The second level is that of the design itself. Much of this is based
around toolsets or platforms, both those that are appropriate and
those particularly familiar from past experience. XLink is probably
relevant to you, XSL:FO isn't. Are you a Java & Unix shop, or a M$oft
gulag ?

It's typical of XML that the tools chosen aren't particularly
problem-specific. I can sketch out a rough architecture for you, and
the tools you need to look at, and this will be the same whether
you're describing your knowledge-based virtual product, or tins of
beans in a supermarket. It's a bottom-up design process - the tools
are chosen by your need to publish in HTML, and your entities' need to
represent their inter-linkage, not what the entity itself is about.
Assume that you have over 1000 items that you want to document using
XML instead of HTML. For the foreseeable future, you will use them to
generate webpages primarily for human consumption. You are mainly
converting from HTML to XML so that you can build tools that help you
select and tailor the contents of these 1000 items.

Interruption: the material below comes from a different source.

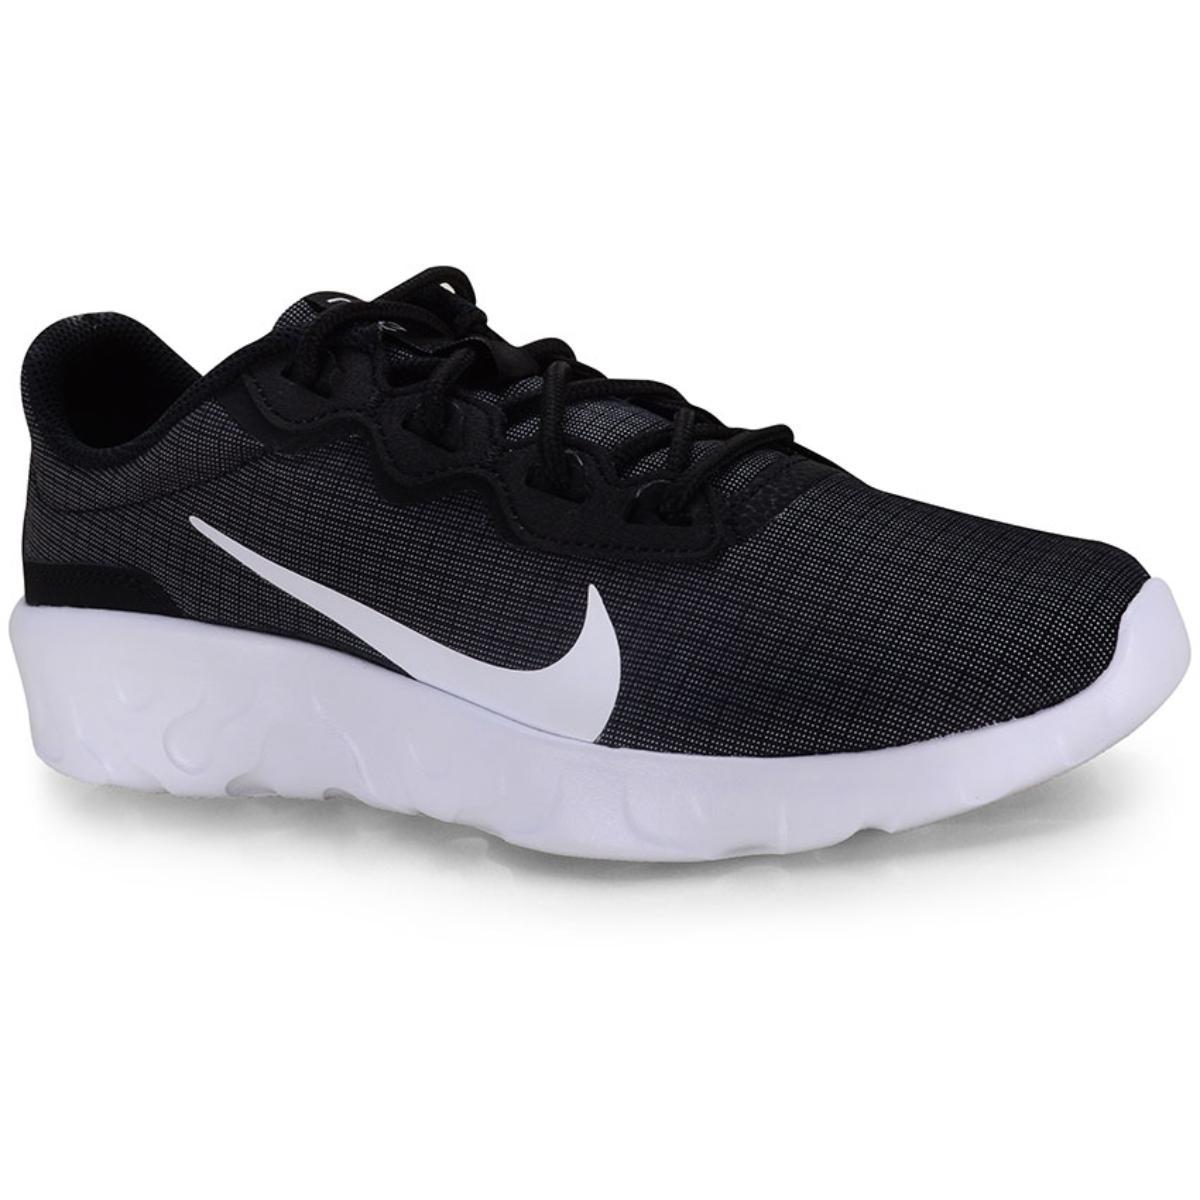 Tênis Masculino Nike Cd7093-001 Explore Strada Preto/branco
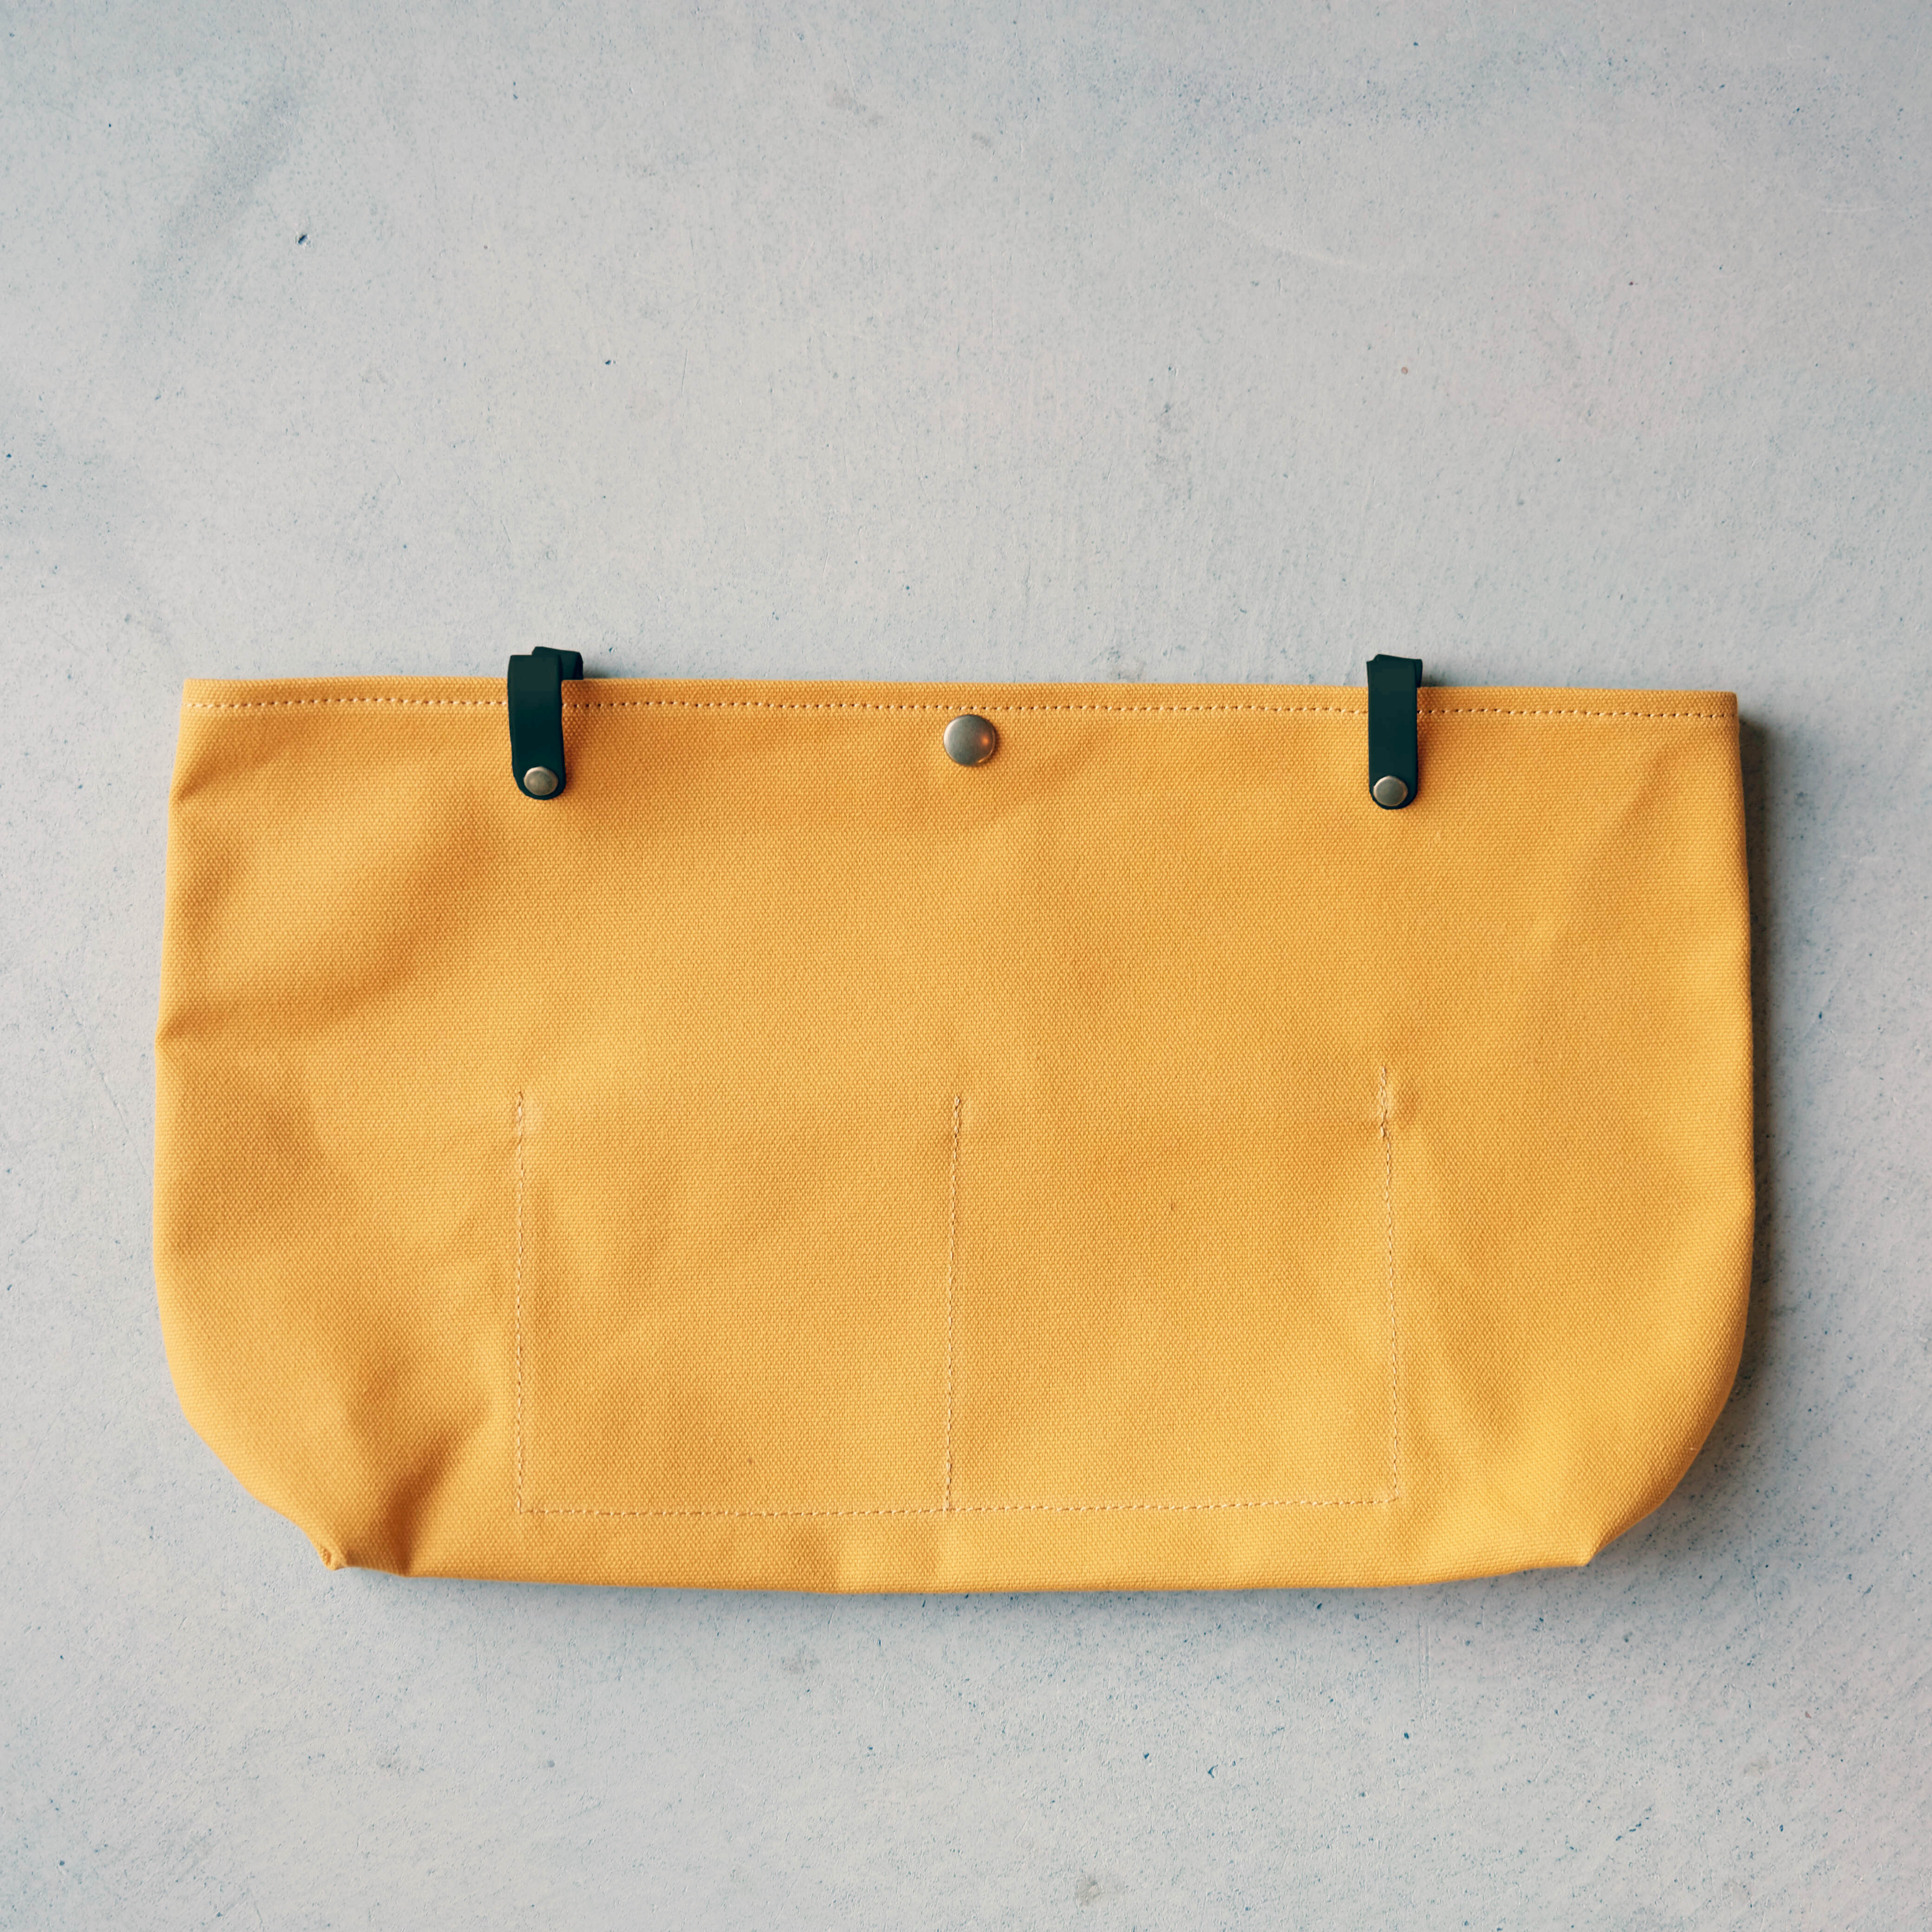 RIGHE用インナーバッグ 〈 Yellow 〉

Been there, done that, have an entire wardrobe of conference t-shirts
on the subject.

Ditch the HTML fixation. HTML has three good things about it; it's the
thing to use for final-stage publishing because it gives you
web/intranet access at very low cost. It's familiar to many people for
authoring, so you can use it as an internal lightweight text editing
format and capitalise on much existing experience. It also has some
features for representation of text formatting and some _minimal_
features for representing links.

On the other hand, it's not what you need for the internal
representation of abstract data. There are uses for it in the external
interface, but no needs for it in the internal representation. In
patrticular, choosing HTML as the basis for your link representation
is going to be a whole world of pain. Forget using HTML to represent
your links. Look at XLink instead (a bunch of properties you'd place
on one of your other elements).

For HTML, use XHTML. Trust me. You can always make it into HTML 4.01
at the last moment, but keeping your internal data stream as XML-clean
not HTML or SGML is a big saving of effort.

I'd suggest Schema over DTD, and possibly looking at OWL.

In general, don't invent a new schema but assemble one from
pre-existing and widespread standards. Namespacing is useful here.
You will probably need to invent _some_ schema, but this can be very
minimal - just a container for properties that are described by
pre-existing schemas.

Look into Dublin Core, particularly the qualified form. You can do an
awful lot with just this much, and it gives you useful benefits to
external publishing in a vaguely communicable format.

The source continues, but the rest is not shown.